I guess unless someone from Valvoline (or, more likely Lz) joins this thread and just comes out and tells us, I suspect we may never know what this sodium stuff is or what its function is...
I can't speak for Valvoline (or Lz) but I have seen overbased sodium sulphonates used in metalworking fluids as well as the low TBN naturals that you mention. Based on that and some other literature I found that basically lumps Sodium Sulphonates in with Calcium and Magnesium ones in the detergent category...
Quote:
Common commercial detergents are derived from calcium, magnesium, sodium, and barium.

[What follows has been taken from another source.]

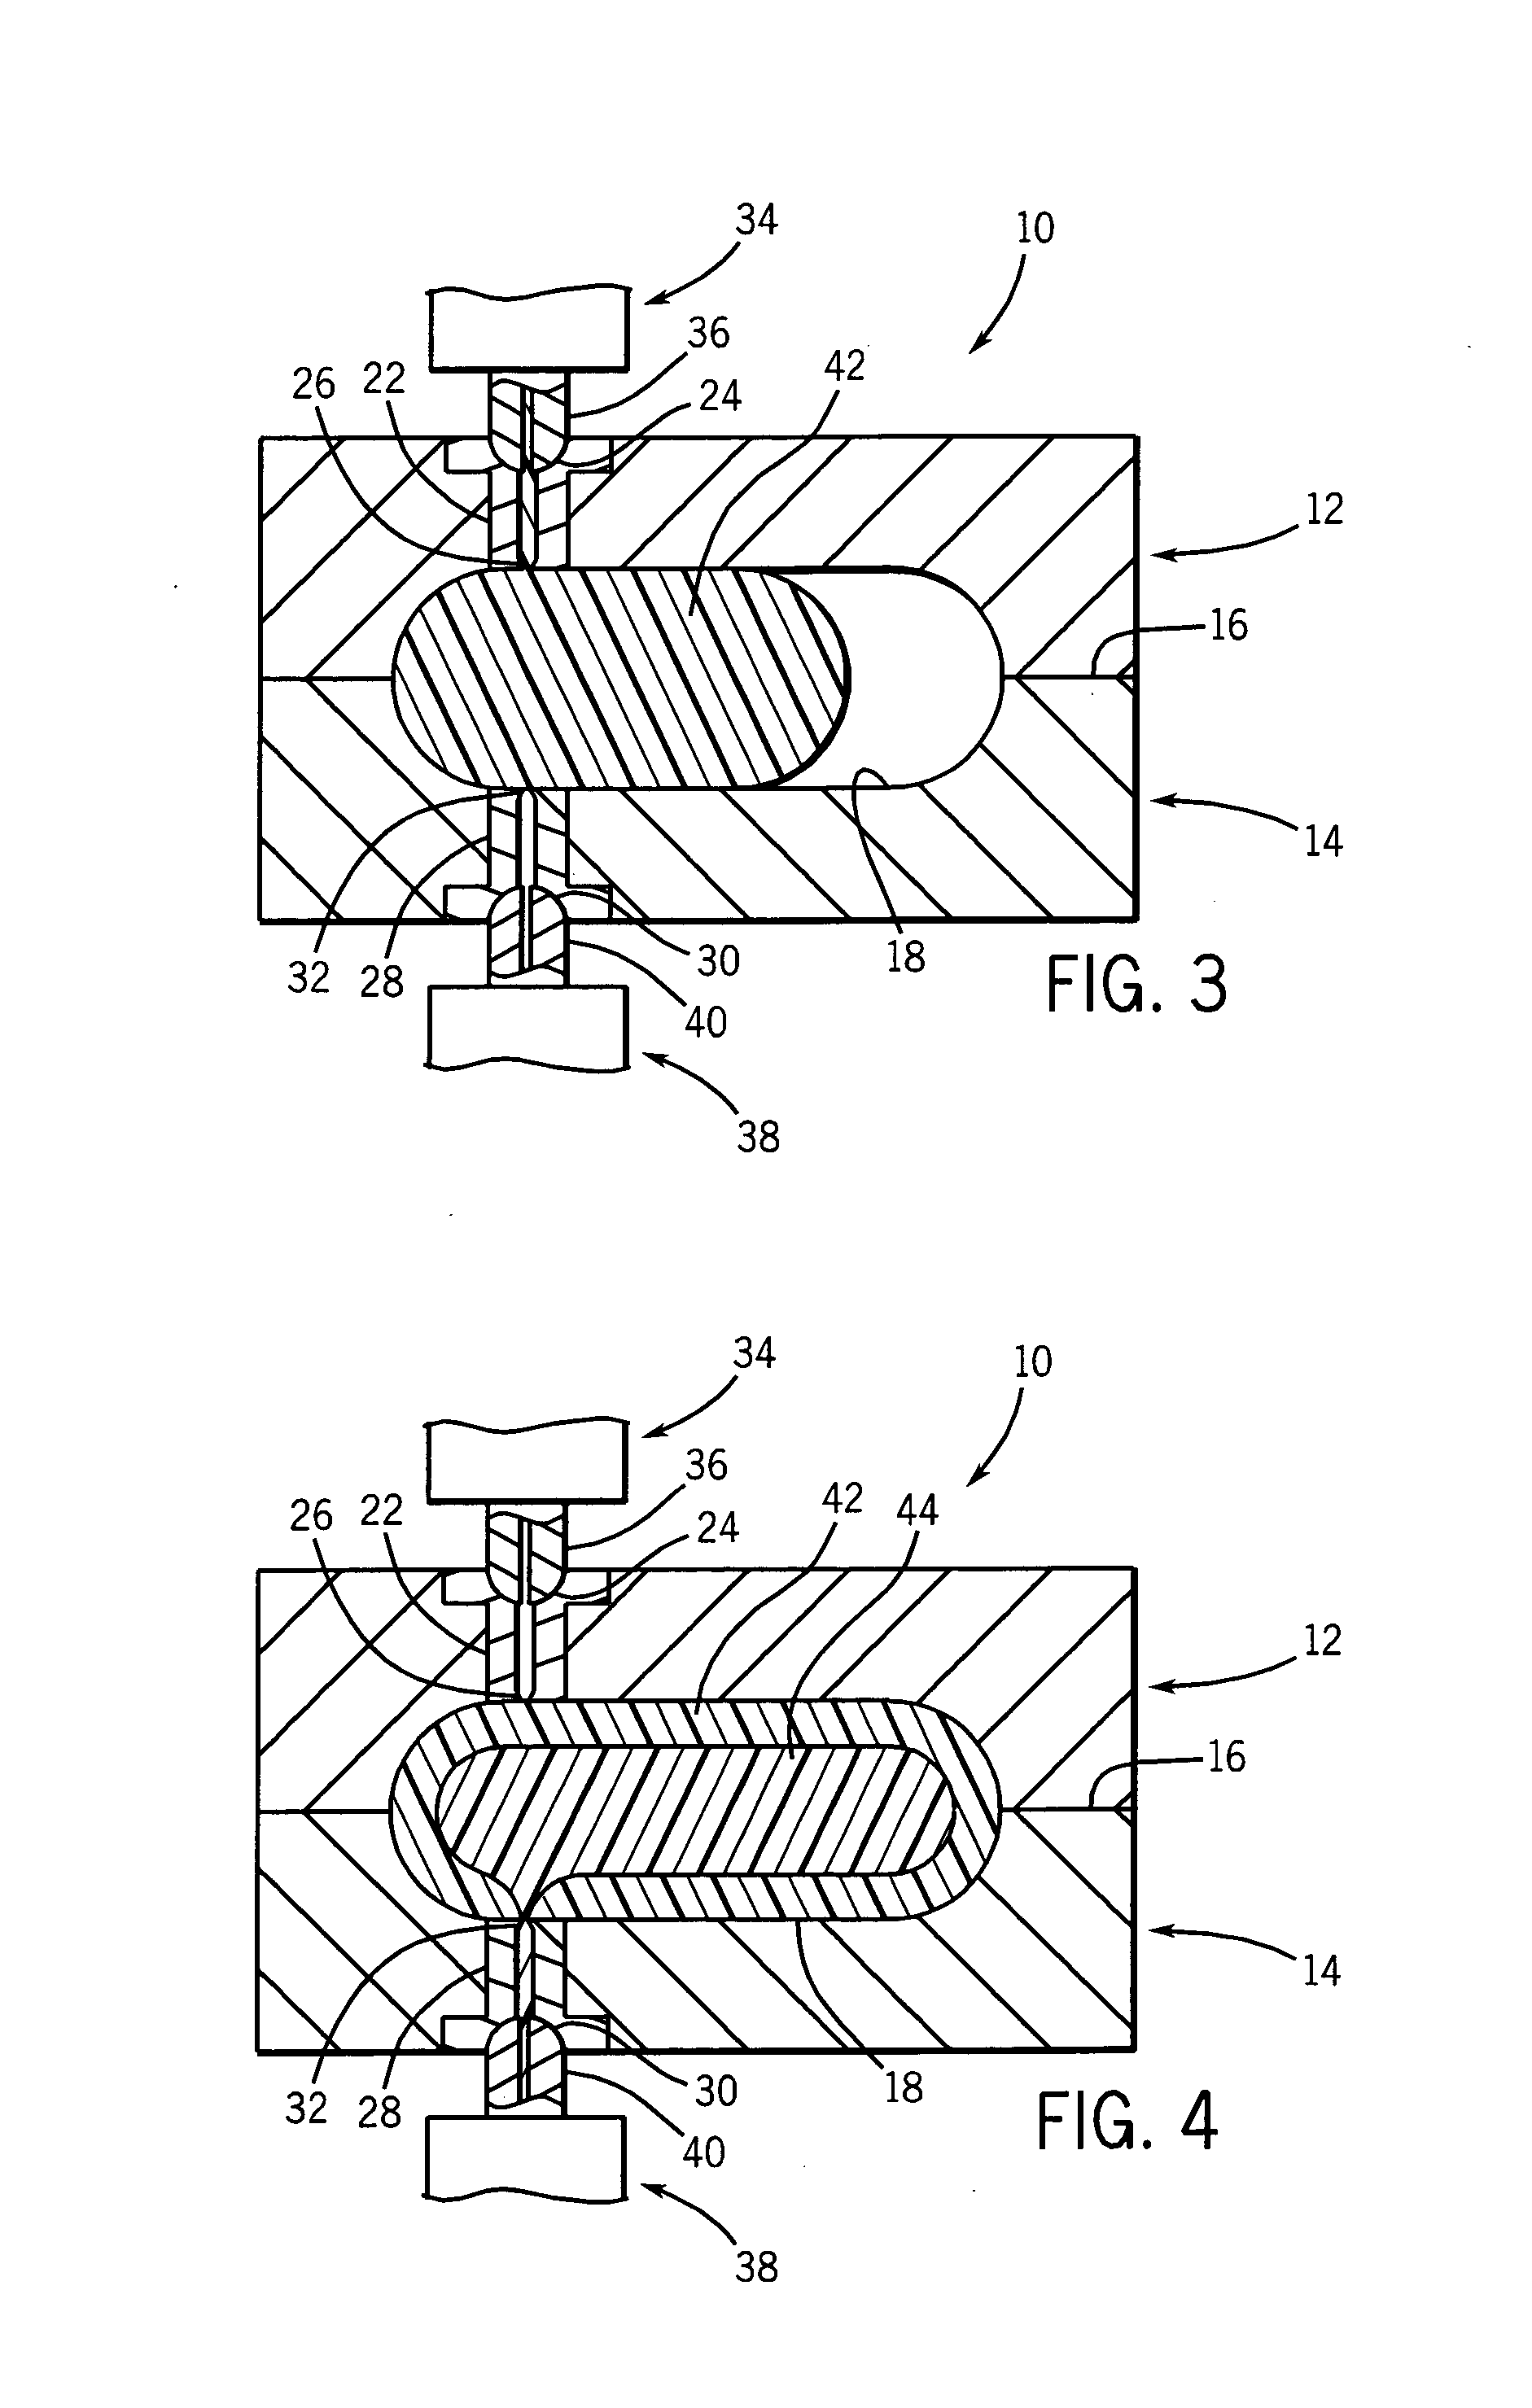 Sandwich molding system with independent runner passages

The metals are listed in order of preference. As mentioned, neutral detergents are made by reacting the acid substrate with a stoichiometric amount of the metal base, and overbased detergents are made by reacting the substrate with an excess amount of base in the presence of carbon dioxide. To make calcium and magnesium salts from natural sulfonic acids and alkylsalicylic acids, one must convert commercially available alkali metal (sodium and potassium) salts (see Figures 4.5 and 4.7) into free acids by reacting them with a mineral acid and then reacting the acids with magnesium oxide or calcium hydroxide. Alternatively, alkali metal salts can be converted directly into magnesium and calcium salts through a double-decomposition reaction with a metal halide, as shown in Figure 4.8. To make the natural sulfonate detergent, one must react the mahogany acid soap with a metal halide such as calcium chloride. The reaction converts the sodium sulfonate soap into calcium sulfonate, which can be overbased if desired. Because of the extensive branching, petroleumderived sulfonates have better oil solubility than synthetic sulfonates of similar molecular weight.

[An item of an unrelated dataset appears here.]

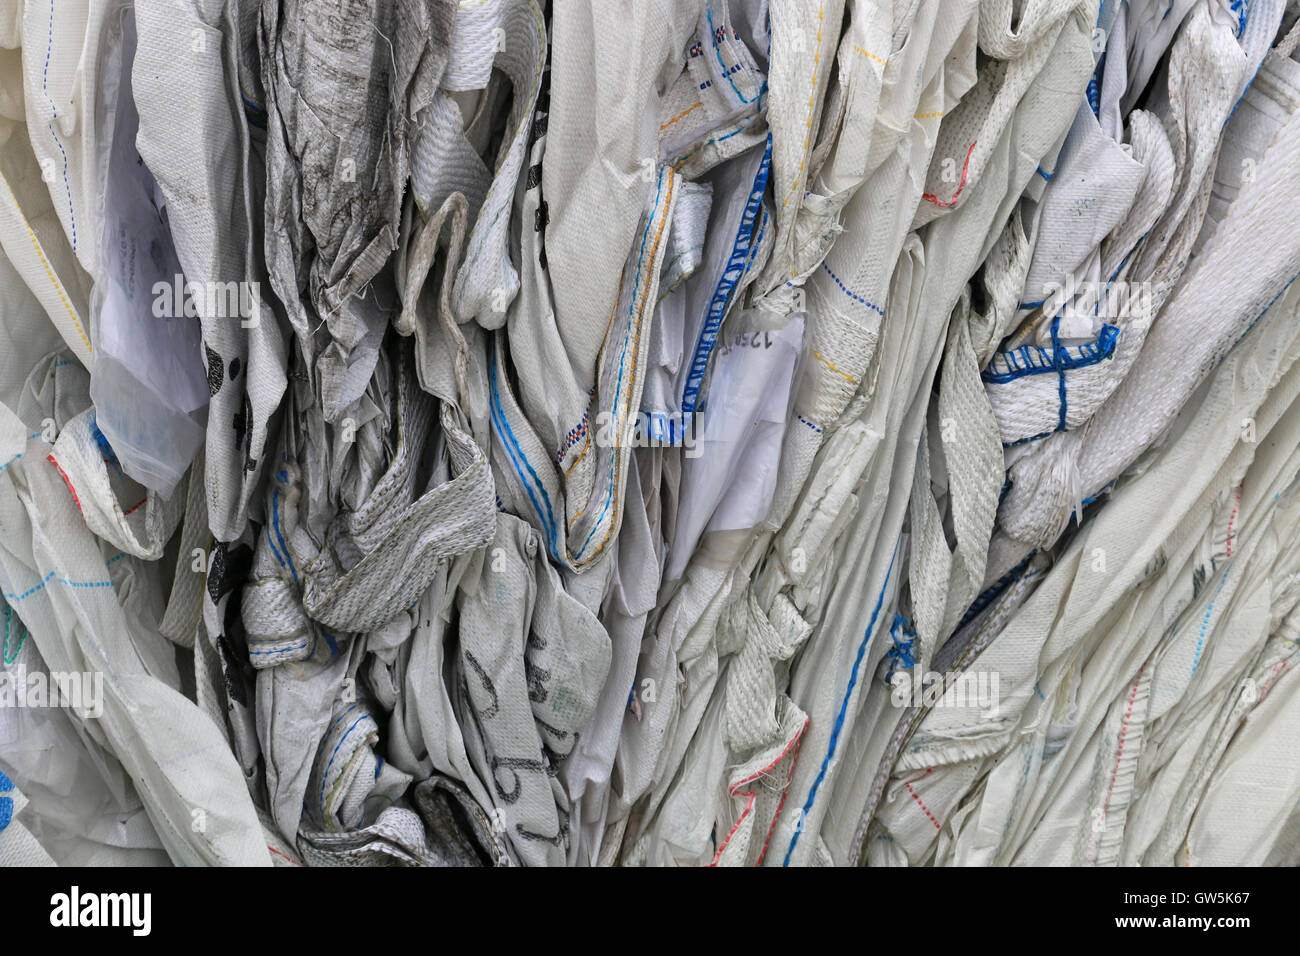 section of tightly folded empty storage bags Stock Photo

Figure 4.9 presents the idealized structures of neutral detergents.
To make overbased detergents, one can use either a two-step process or a one-step process. Generally, the one-step process is preferred over the two-step process. In the two-step process, the neutral salt or the soap is made fi rst, which is subsequently overbased. In the one-step process, the excess metal base is charged to the reaction; once the neutral salt formation is complete, carbon dioxide blowing (carbonation) of the reaction is initiated. When carbon dioxide uptake stops, the reaction is considered complete and it is worked up to isolate the product. Figure 4.10 summarizes the two processes. For making overbased natural sulfonates and alkylsalicylates, one can double-decompose alkali metal salts in situ by reacting with a metal halide and overbasing.

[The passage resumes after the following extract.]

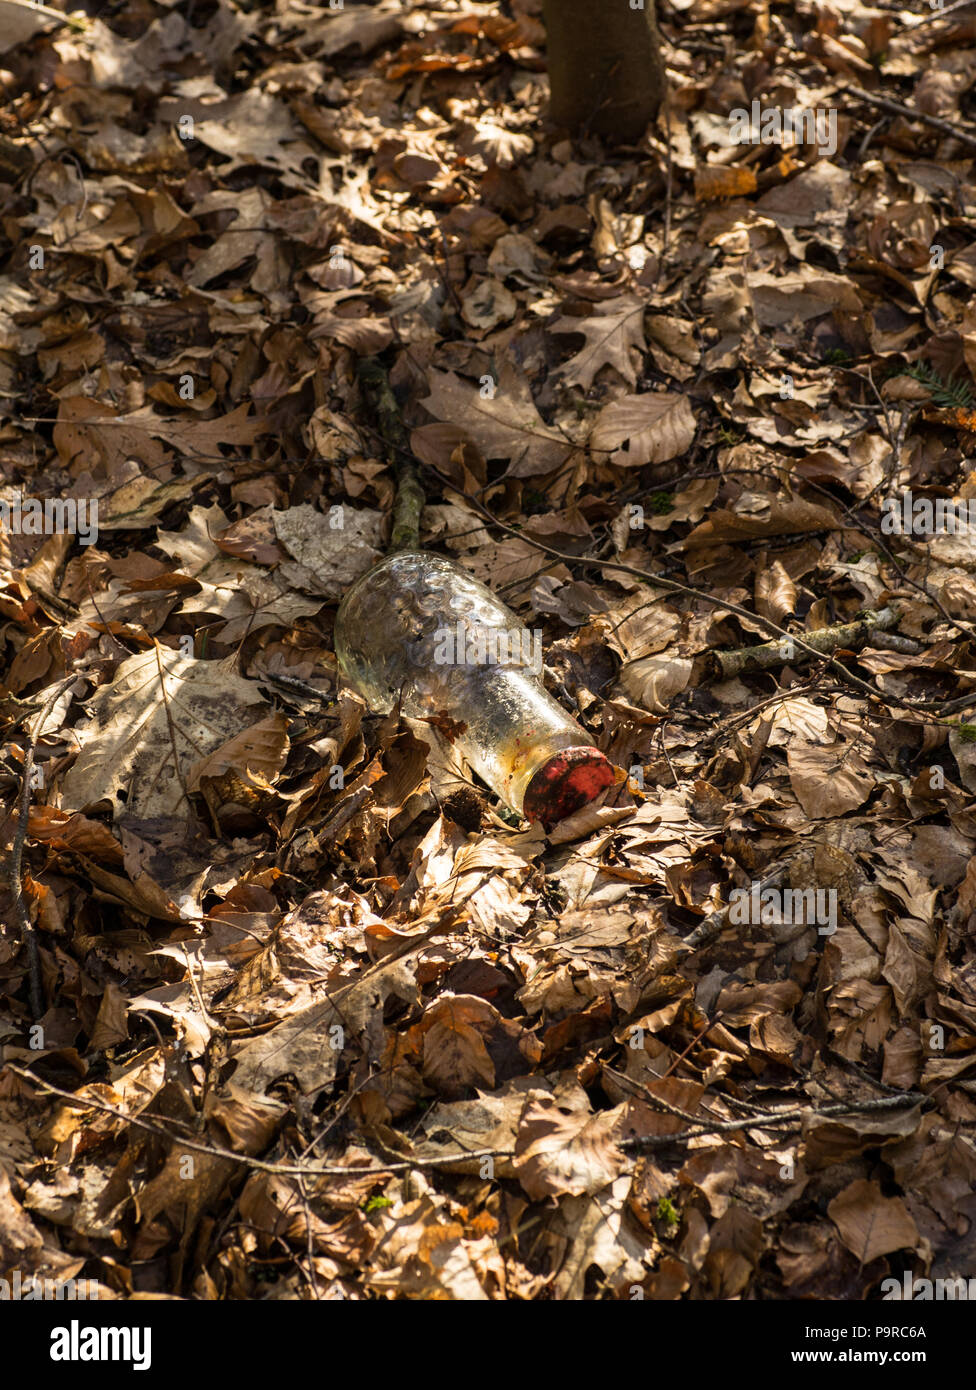 glass bottle, garbage thrown into the forest's leaf-covered bottom, environmental mess Stock Photo

The alkali metal halide by-product need not be removed until the overbasing is complete. It comes out during the final filtration, which is employed to remove any unreacted excess base and other particulate materials.
Quote:
A natural or synthetic sulfonate can be neutralized and overbased with various cations depending on the application. For example:
Sodium sulfonate. In general, the high equivalent weight (500–550 EW) petroleum or (390–700 EW) synthetic alkylbenzene sulfonic acids are neutralized with NaOH to form sodium sulfonates, which are commonly used in soluble oils for metalworking applications, where the divalent cations (Mg, Ca, and Ba) are detrimental to the stability of the soluble oil. The sodium salts of the synthetic dialkyl naphthalene sulfonates have been used, but their high cost has limited their use in this application.
This looks to be close to the process you described. As far as availability goes - my experience has been that the major Addco's (except maybe Afton) are not really forthcoming with making their product lineups available via google.
I'd venture a guess that it's probably detergent over Friction Modifier functionality - although there may be some ancillary benefits in AW behavior where other active sulfur may be present.